Preserving and Protecting America's Barns

by AbbyFitz

America's barns don't have to be destroyed. Enjoy these barn images and learn how these beloved buildings can be saved by restoration or recycling.

I'm not quite sure what it is that draws me to old buildings, particularly barns.

Maybe it's because I can imagine the many stories these buildings could tell if they could talk. Maybe it's because these old barns carry me back to a simpler time in history.

I've taken many photographs of old barns, and I never tire of them. I give these barn pictures as gifts to family members of those farmers who labored so many years ago.

This page focuses on barns I've discovered in Oregon County, Missouri.

If you're like me and live in the city and you're not lucky enough to live on a farm, you can still enjoy a little bit of country.

Be sure to scroll down to find barn related items that you can purchase and let these old farm buildings live on in your home.

An antique barn in better times
An antique barn in better times
An old decaying barn
An old decaying barn

Capturing America's Past

Documenting these barns before they decay or are destroyed

I've been traveling to and discovering hidden parts of Missouri for nearly my entire life. Being from the city, country scenes intrigue me.

This barn in particular has fascinated me and stood stalwart since I was a little girl. Unfortunately, the owners no longer use it and are not repairing it, which is truly disappointing.

On my last trip to Missouri, I saw how derelict it has become. It has gone from being a usable barn to nearly just the bones of itself. I am expecting on my next trip to find it completely caved in or blown over.

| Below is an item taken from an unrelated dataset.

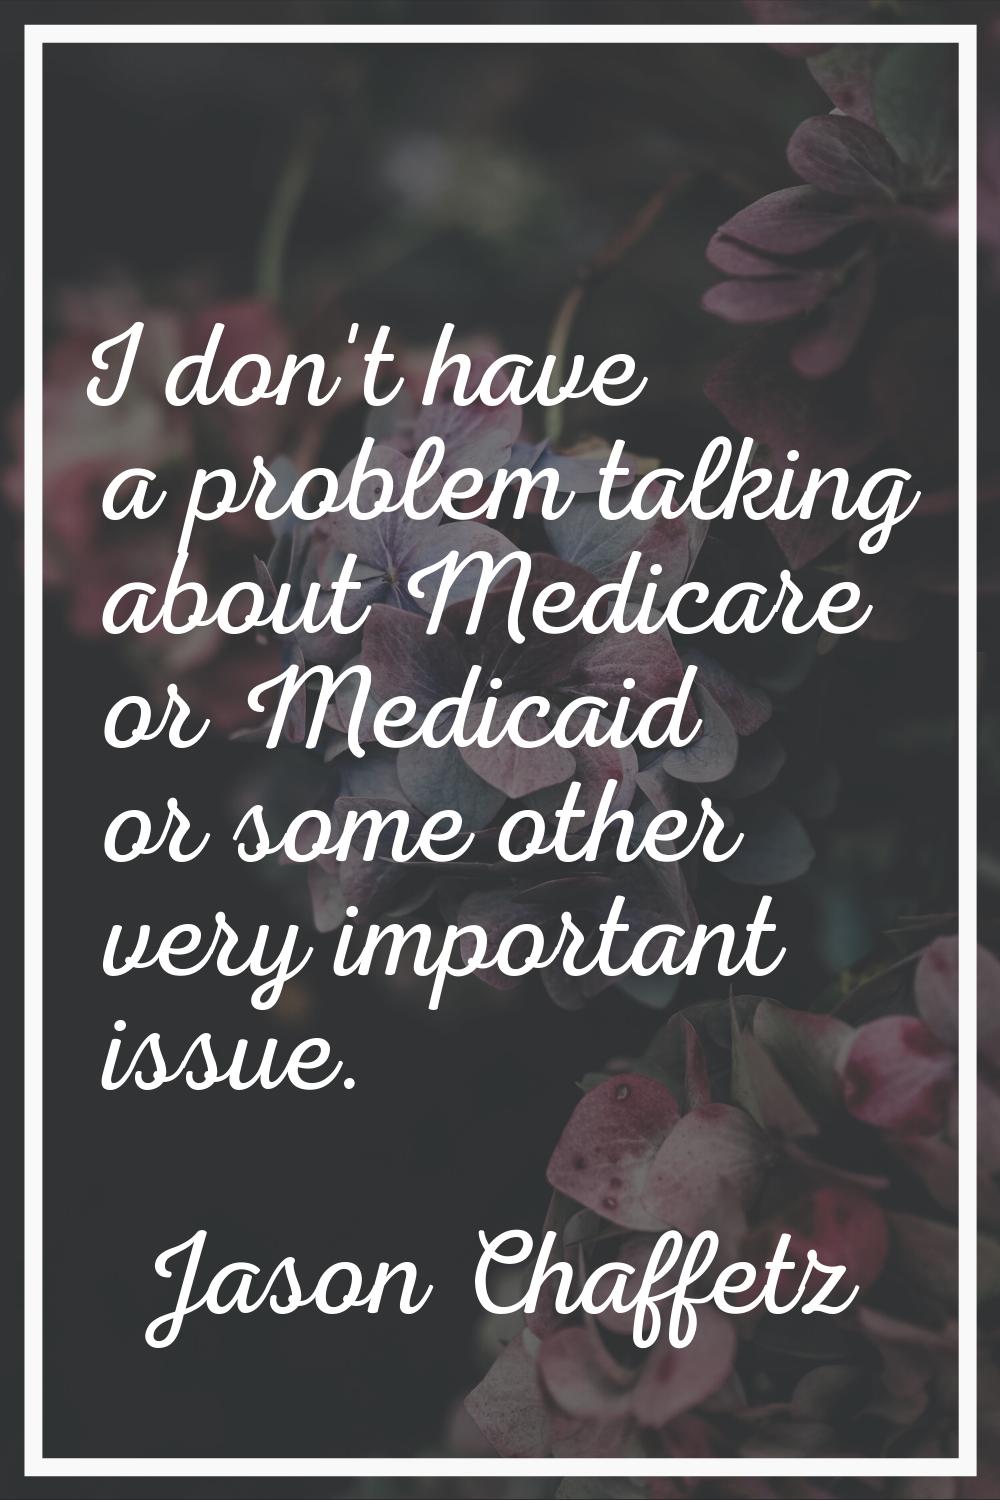 I don't have a problem talking about Medicare or Medicaid or some other very important issue.

I think one of the reasons why I take so many pictures of old barns is because I know that soon they'll fall in or be demolished. I think it's a shame that these beautiful buildings will not be around for me to discover and enjoy.

The old saying is true: Take a picture, it'll last longer.

The Campbell Family Barn
The Campbell Family Barn

Discover America's Farm Buildings and Learn How to Join the Barn Preservation Movement

Time: It's Not the Only Enemy

Progress is ever moving forward

America is not a rural country as it was even 50 years ago. The number of families who farm continues to decline.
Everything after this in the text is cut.